Exclusive interview: We caught up with Dragan Savic, CEO at Netherlands-based independent water research institute KWR, to find out more about the emerging field of hydroinformatics and the organisation’s holistic approach to digital transformation…
What exactly is hydroinformatics?
Hydroinformatics is quite often erroneously considered a purely technological field of developing and applying information and communication technologies (ICT) to water challenges. Yes, it is that, but in my view, it is also much wider – a management philosophy developed to respond to global water challenges, made possible by technology.
Therefore, it is not only ICT or IoT-related, but also fully embraces the human-in-the-loop principle with all associated considerations such as ethics, bias, equity, privacy, data protection, and more.
What work is KWR doing in this field?
At KWR we embrace the aforementioned holistic approach to hydroinformatics and embed those principles in our activities in the entire water cycle.
The key role of hydroinformatics at KWR is to be the ‘eyes and ears’ of the water industry and a strategic partner for the digital transformation of the water sector.
As digital issues are becoming a prerogative for water managers, KWR is in an excellent position to support the water sector in keeping them on track with the digital transformation they have already embarked on.
The Hydroinformatics Theme within our Joint Research Programme (BTO) is also ensuring that water utilities have a common vision and understanding of challenges and opportunities in deploying digital technologies.

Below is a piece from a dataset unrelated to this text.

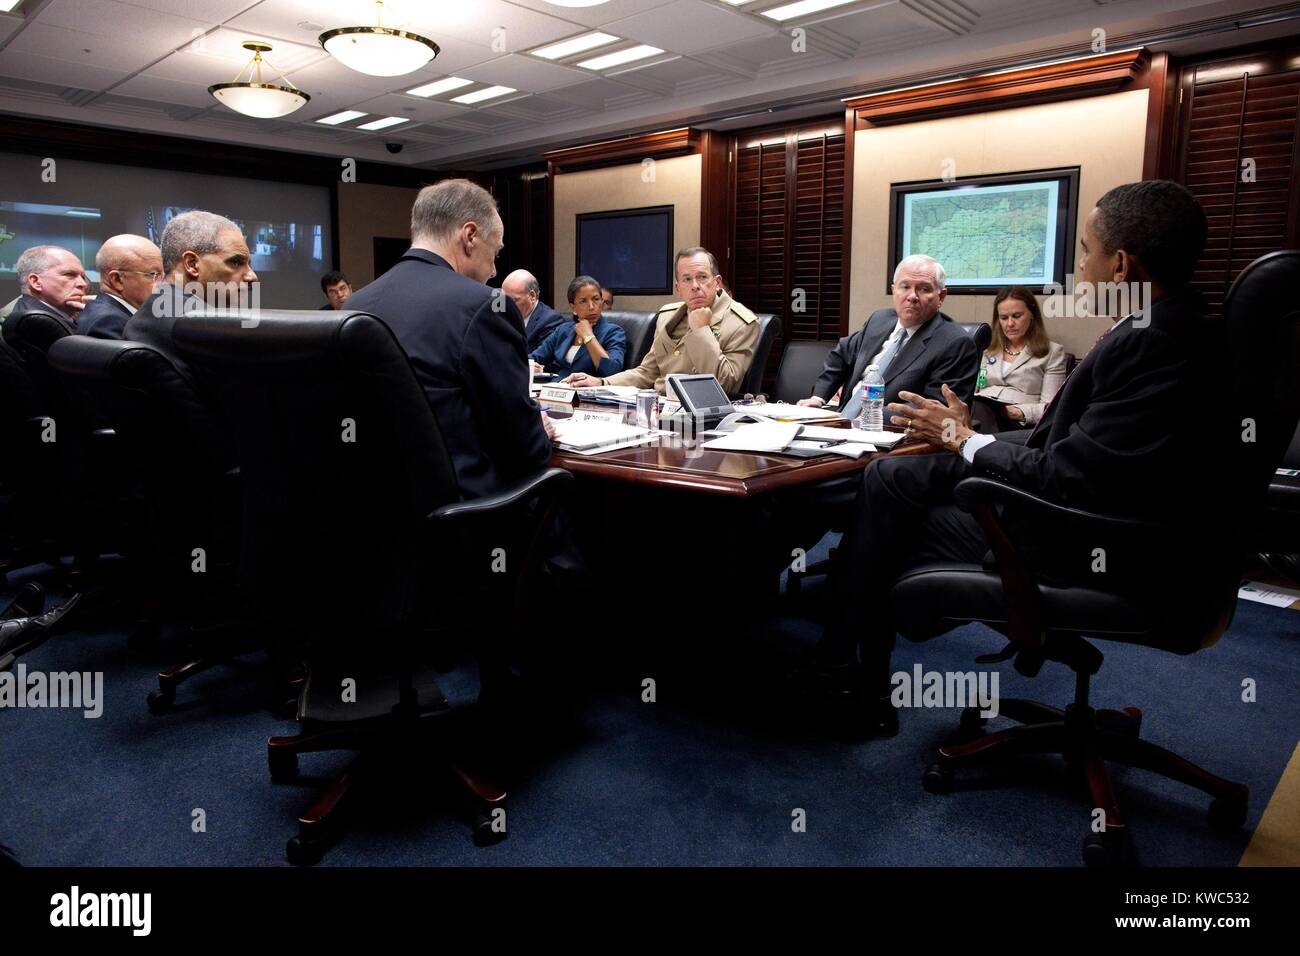 President Obama meets with national security team on Afghanistan and Pakistan, April 25, 2011. Situation Room of the White House, clockwise from President: Tom Donilon, Eric Holder, James Clapper, John Brennan, Neal Wolin, Bill Daley, Susan Rice, Adm. Michael Mullen, Robert Gates, and Michele Flournoy (BSLOC 2015 13 265) Stock Photo
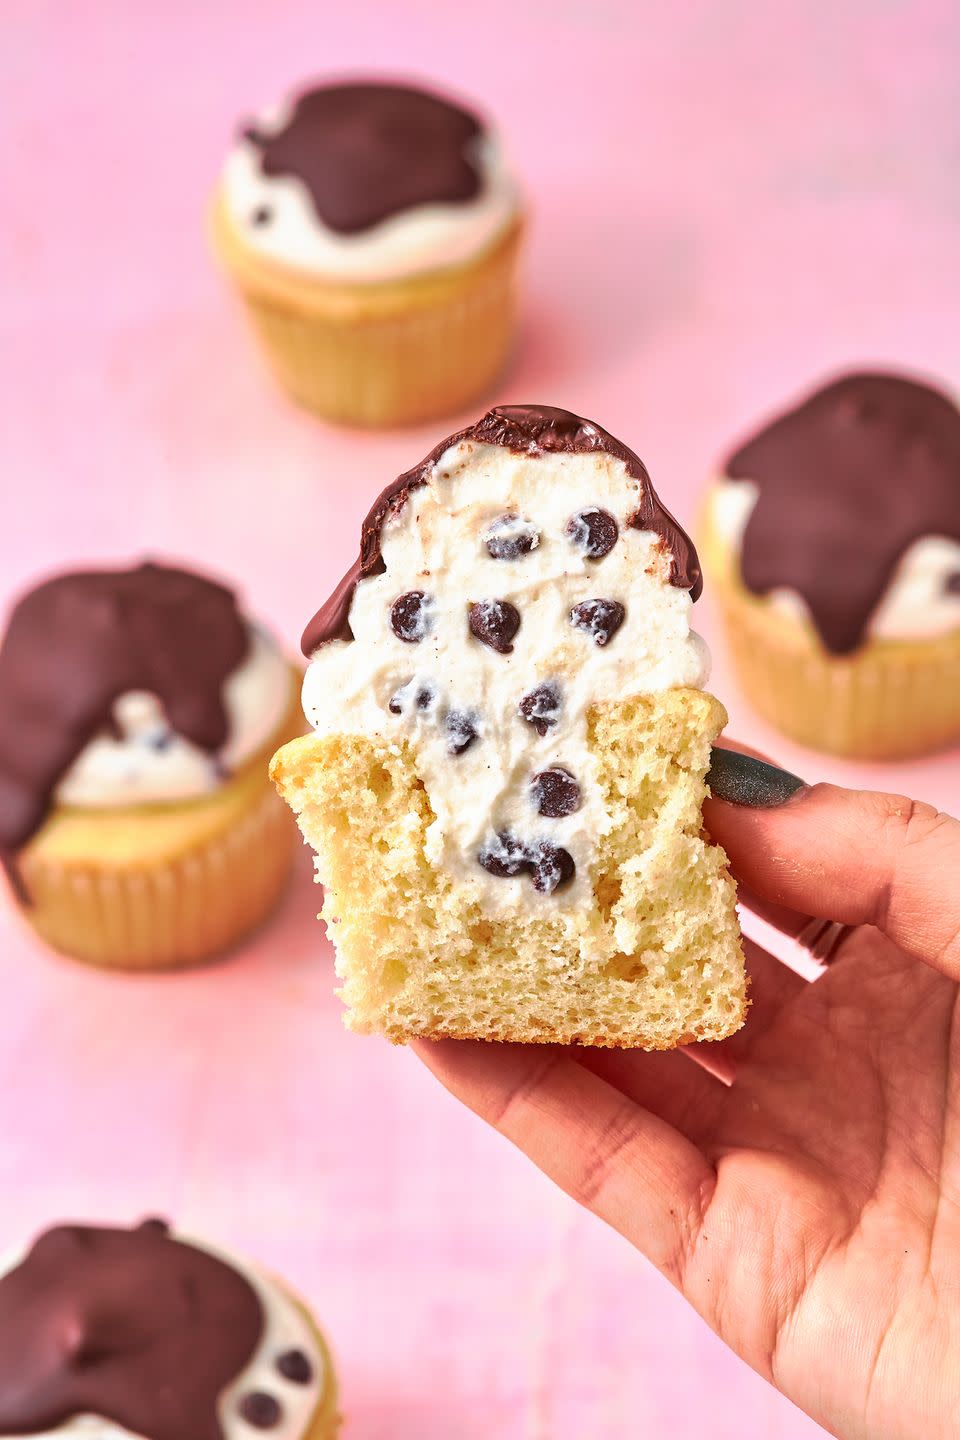 <p>Two desserts in one? It's a Christmas miracle.</p><p>Get the recipe from <a href="https://www.delish.com/cooking/recipe-ideas/recipes/a54001/cannoli-cupcakes-recipe/" rel="nofollow noopener" target="_blank" data-ylk="slk:Delish" class="link rapid-noclick-resp">Delish</a>.</p>

How does hydroinformatics improve water management?
The key component of any management, including that involving water systems, is to be able to understand the process being managed and make it more efficient.
Hydroinformatics integrates everything from data collection and preparation, to model development for prediction and decision-making in the water sector.
What are some notable use-cases of hydroinformatics in the water industry?
There are numerous examples of use-cases in the water industry. For example, the use of machine learning for early warning systems, the use of AI-based optimisation to schedule the redesign and rehabilitation of water infrastructure, or determining the optimal placement of sensors.
At KWR we also employ machine learning in various fields of water management, from the prediction of the condition and useful life of pipes, through water quality assessment and treatment works improvements, to chatbots for customer service by drinking water companies.
All of those improve the effectiveness and efficiency of dealing with complex water management challenges.
What are some of the barriers to the implementation of hydroinformatics systems?
Hydroinfroamtics and digital transformation face a number of technical, organisational and cultural barriers.
For example, the reliance on a single technology that relies on other technologies, like mobile data, a lack of standardised approaches and cybersecurity, are just some of the technical barriers.
Organisational barriers include a lack of strategy and financial resources and often missing skills.
Cultural barriers are also present, including risk aversion, traditional approaches to dealing with challenges and fear of job losses.
Do you think hydroinformatics will be an important approach to tackling some of the industry’s greatest challenges (climate change, soaring costs, ageing infrastructure etc.) ?
By being able to integrate multi-source, multi-resolution data, promote smart investments in digital water infrastructure, ensure benefits for consumers and strengthen cybersecurity, hydroinformatics will make the water sector move toward a climate-proof future.